Erik Lindahl: The scientific steering committee is really the scientific oversight body and our job is to do the scientific prioritization in PRACE. The reason I have engaged in PRACE was very much based on creating a European network of science and making sure that rather than being happy just competing in Sweden – Sweden is a nice country but it’s a very small part of Europe – what I really love about PRACE is we are getting researchers throughout Europe to have a common community of computing. But I think, this is a more important goal of PRACE than we think. Machines are nice but machines come and go and four years later we’ve used that money, but building this network of human infrastructure, that is something that is lasting.
HPCwire: How is PRACEdays helping accomplish that goal?
Lindahl: We have all of these Centers of Excellence that we are bringing together here, so Europe has now eight Centers of Excellence that provide joint training, tutorials, and tools to improve application performance. These are very young; they’ve been around for roughly 18 months, so right now, we don’t have all students going to PRACEdays; we can’t handle a conference that large, but we have all these Centers of Excellent and the various organizations and EU projects get together and then they in turn go out and spread the knowledge in their networks. In a couple of years we might very well have a PRACEdays that’s 500 people and then I hope we have all the students here. From the start this was mostly a PRACE internal conference, and the part that I’m very happy about is that we are increasing the scientific content and that’s what it’s going to take for the scientists to come.
HPCwire: PRACEdays is the central event of the European HPC Summit Week 2017, now in its second year.
Lindahl: That’s something also I’m very happy with to see it co-organized. It comes back to the same thing; Europe has a very strong computational landscape, but we sometimes forget that because we don’t collaborate enough.
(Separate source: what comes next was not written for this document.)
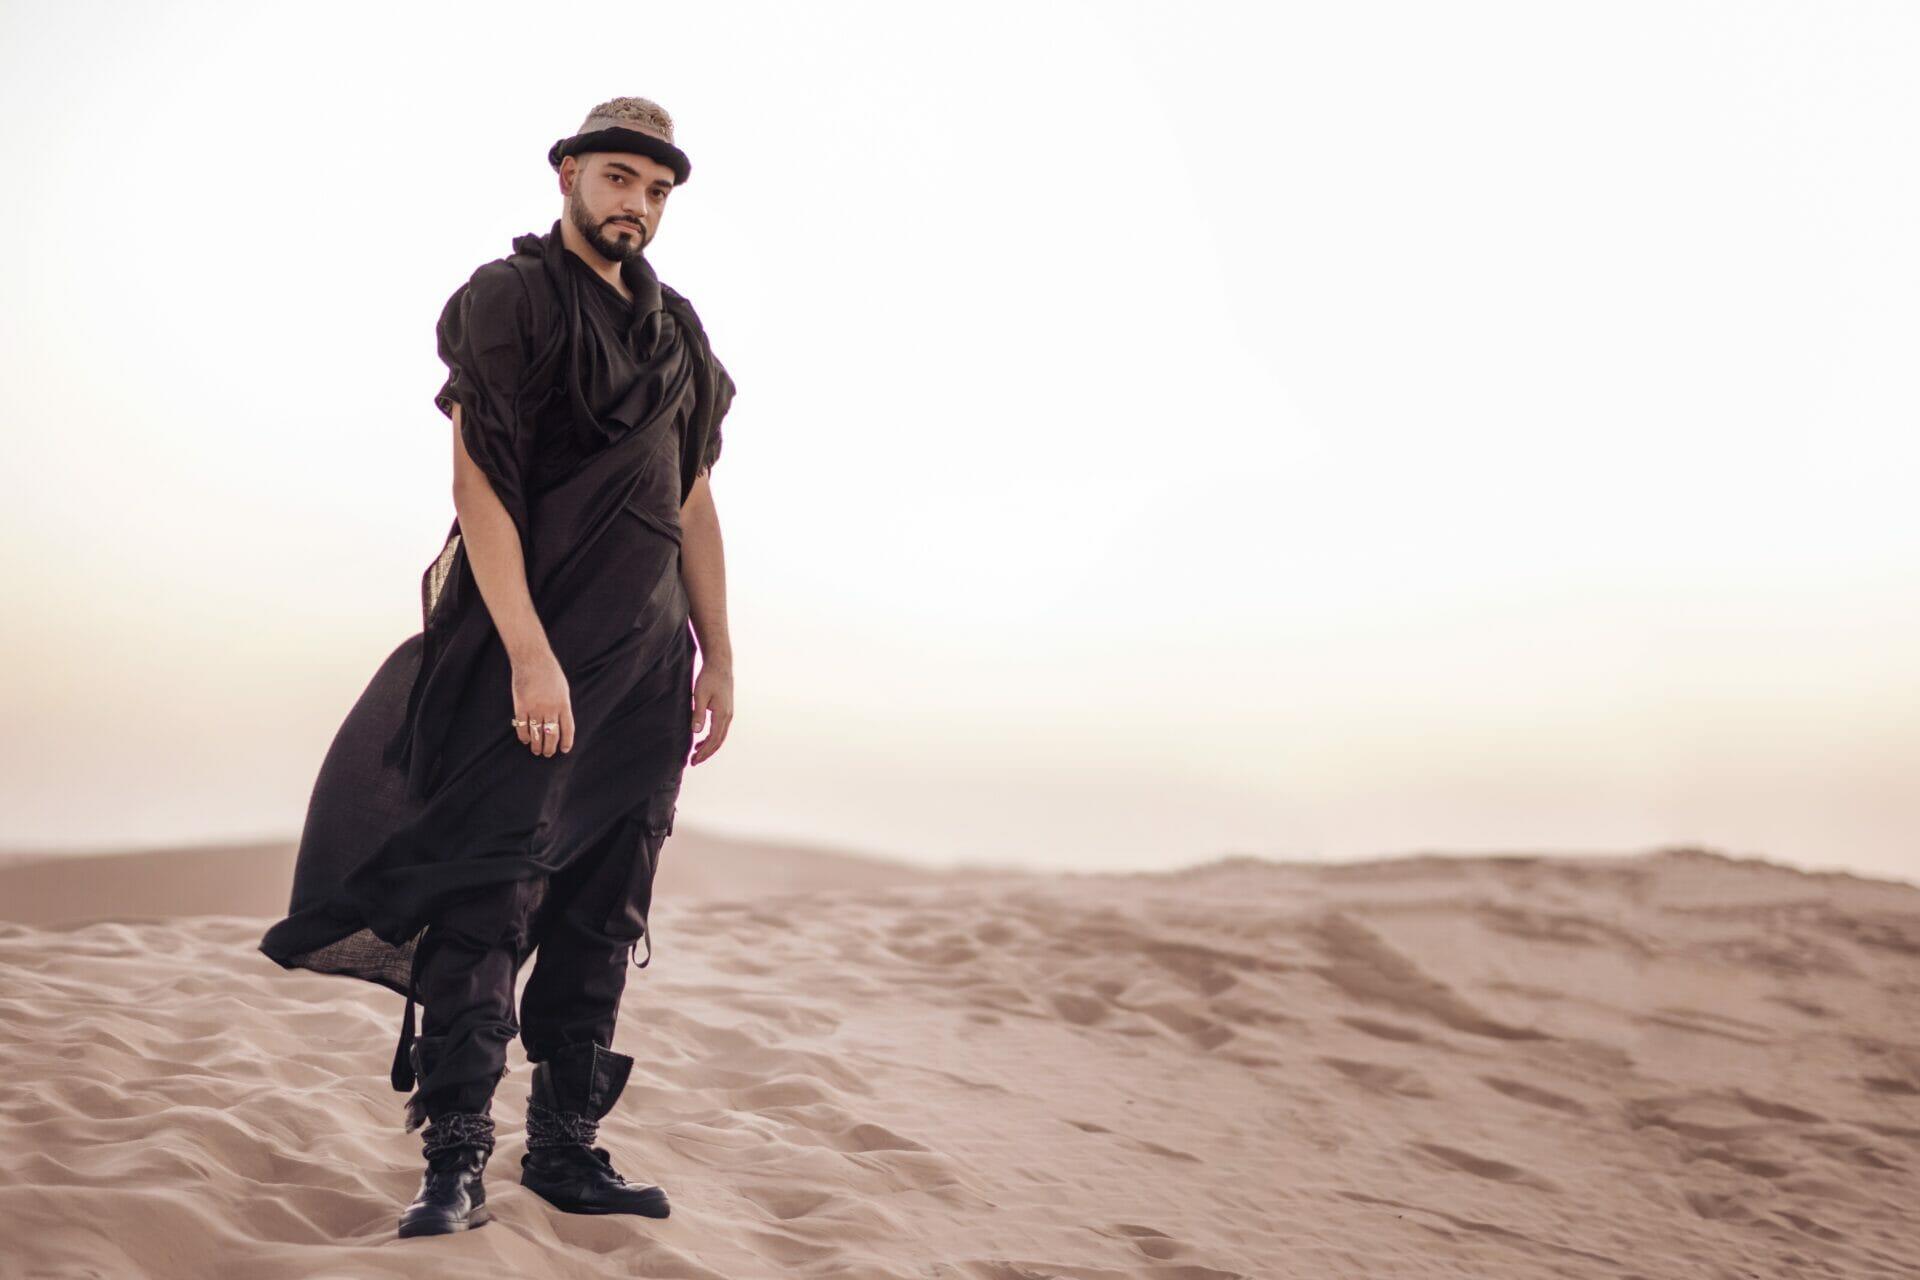 Mariano desert alone

HPCwire: What is the mission of PRACE?
Lindahl: The important thing with PRACE, not just PRACEdays but PRACE as a whole project, is that we are really establishing a European organization for computing and this is partly more of a challenge in Europe because in contrast with the U.S., while you have your 50 states, it is clear that it is one country, one grant organization sponsoring computing. The challenge for Europe has of course been, I would argue, that the national organizations of Europe are far stronger than the states in the US, but of course on the equivalent of the federal level, the European Union, the system has historically been much weaker so that what PRACE has established is that we finally have an organization that is not just providing computing cycles on the European arena, but also helping establish what is the vision for computing and how should we – not just Europe as a region push computing – but how should scientists in Europe push computing and what are the really big grand challenges that people should start approaching. And the challenge here is that no matter how good individual groups are, these problems are really hard just as you are seeing in the states – as nice as California is, if California tried to go it alone they would find it pretty difficult to compete with China and Japan.
HPCwire: How does PRACE serve European researchers?
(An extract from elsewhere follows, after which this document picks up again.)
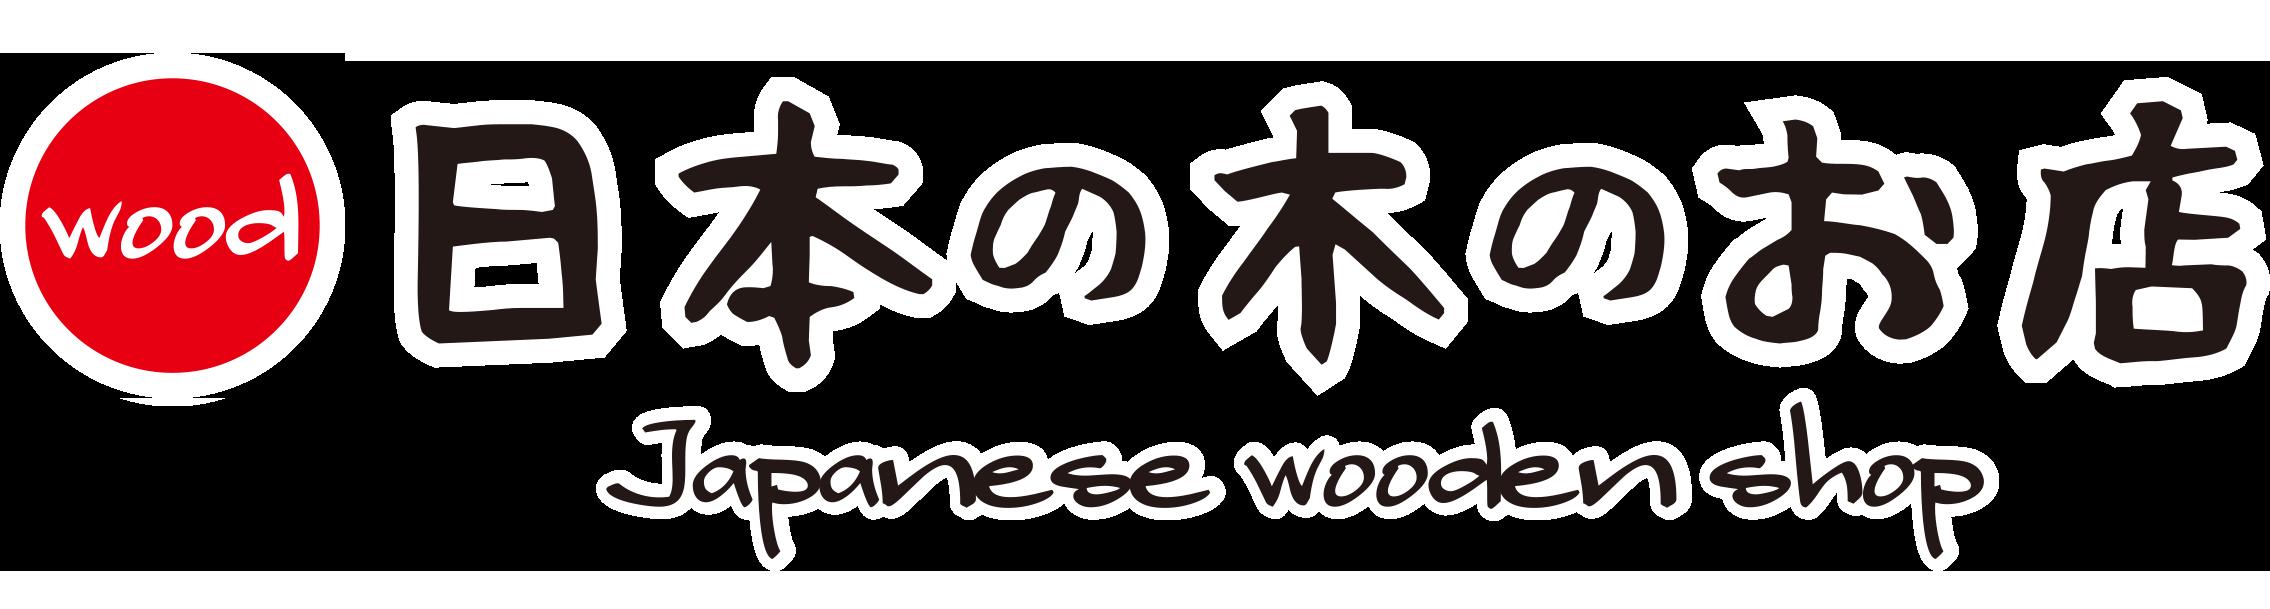 日本の木のお店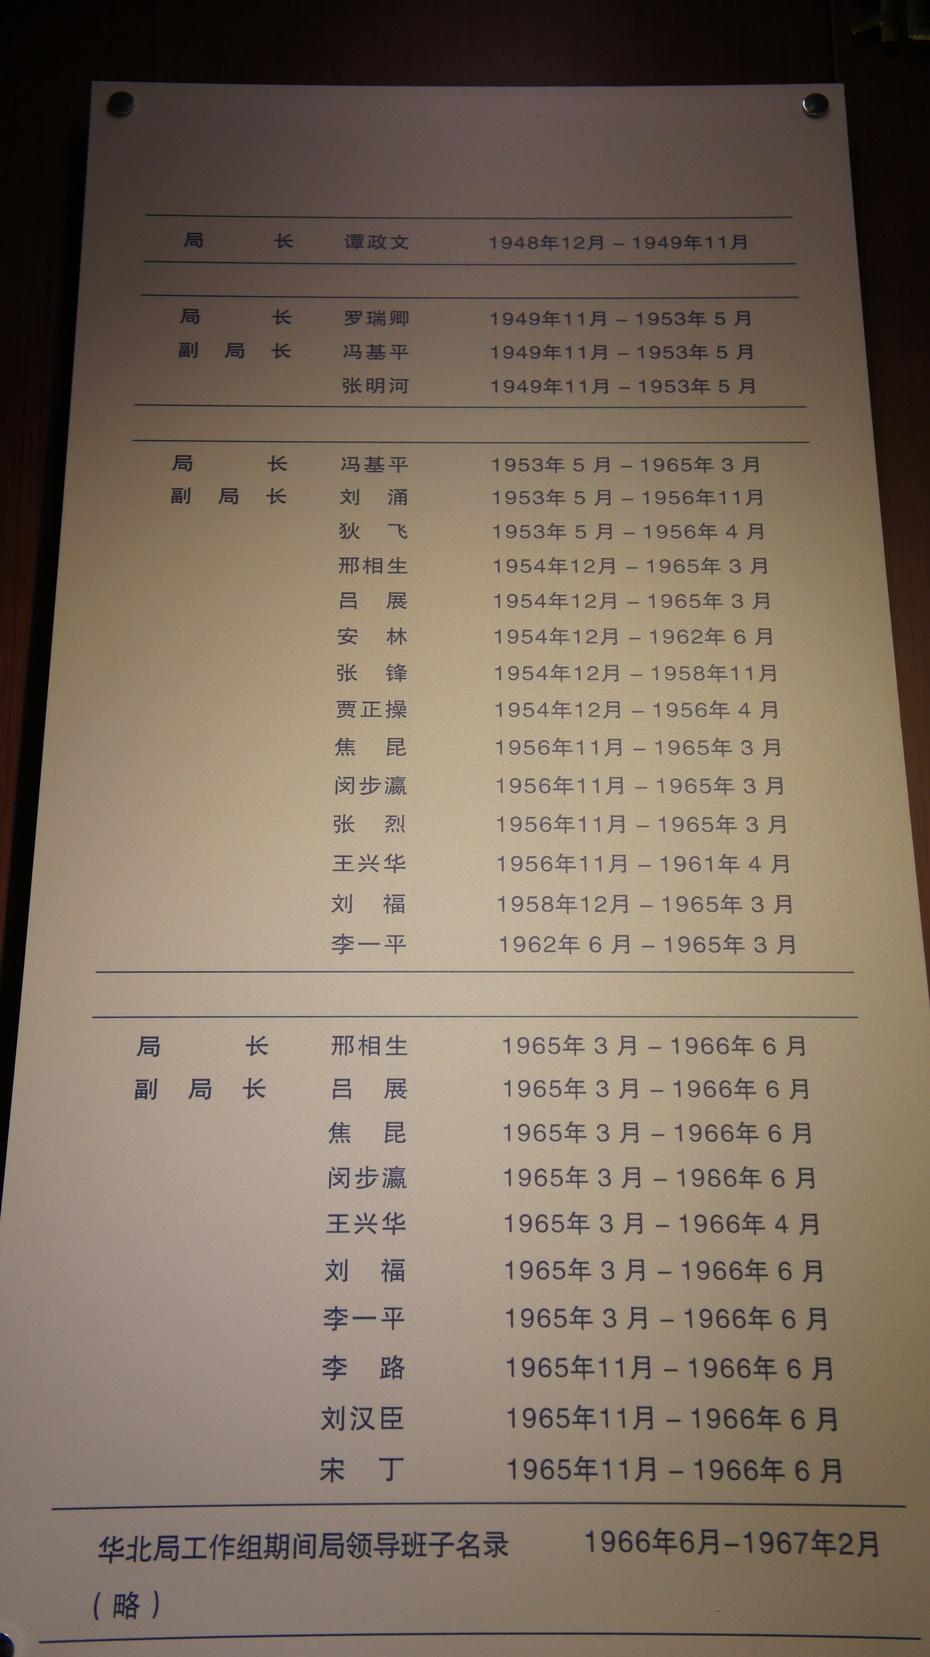 走进北京警察博物馆 - 余昌国 - 我的博客

Lindahl: The main role of PRACE is to provision resources and PRACE makes it possible for researchers to get what we call tier 0 resources for the very largest problems, the problems that are so large that it gets difficult to allocate them in a single country, and in particular most of these national systems tend to have, I wouldn’t say conservative programs, but kind of continuous allocations. What PRACE tries to push is these really grand challenge ideas: risky research; it’s perfectly okay to fail. You can spend one hundred million core hours to possibly solve a really difficult problem. I think in large part we are starting to achieve that. As always, of course, scientists want more resources. I’m very happy with the way that PRACE 2 has gotten countries to sign on and significantly increase the resources compared with what we had a few years ago.
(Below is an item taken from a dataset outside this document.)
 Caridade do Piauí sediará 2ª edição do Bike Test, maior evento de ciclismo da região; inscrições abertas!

The other part that I personally really like about PRACE are the software values and part of it of course has to do with establishing a vision and making sure there is really good education because all of these students, no matter how good our universities are, when people are sitting whether it’s in Stockholm, Barcelona or Frankfurt, there might be a handful of students in their area. PRACE makes it possible to provide training at a much more advanced level than we normally can in our national systems. Cost-wise it is not as large a part of the budget, but when it comes to competing and [facilitating] advanced computing, it is probably just as important as buying these machines.
The third part of this has to do with our researchers, and this is a part of where my role comes in as chair of the scientific steering committee. Researchers, we are a bit of a split personality. On the one hand we don’t like to apply for resources; writing research grants takes time away from the research you would like to be doing. On the other hand, a very important factor of having to compete for resources is not just that I’m competing for resources but when we are writing these grant applications, that’s also when we need to formulate our ideas – that’s when I need to be better than I was two or three years ago. Can I identify the really important problems to solve here, what I would like to do the next few years? I think here surprisingly lies a danger in our national system, in particular the ones that are fairly generously funded because the generously funded system you become complacent and you are kind of used to getting your resources. What I like with PRACE is you get a challenge: what if you had a factor of ten more resources than you do now? But you can’t just say that you would like to have it; you need to have a really good idea to get that, and it starts to challenge our best researchers who in essence compete against each other in Europe and become better than they were last year, and I think that’s a very important driving factor for science.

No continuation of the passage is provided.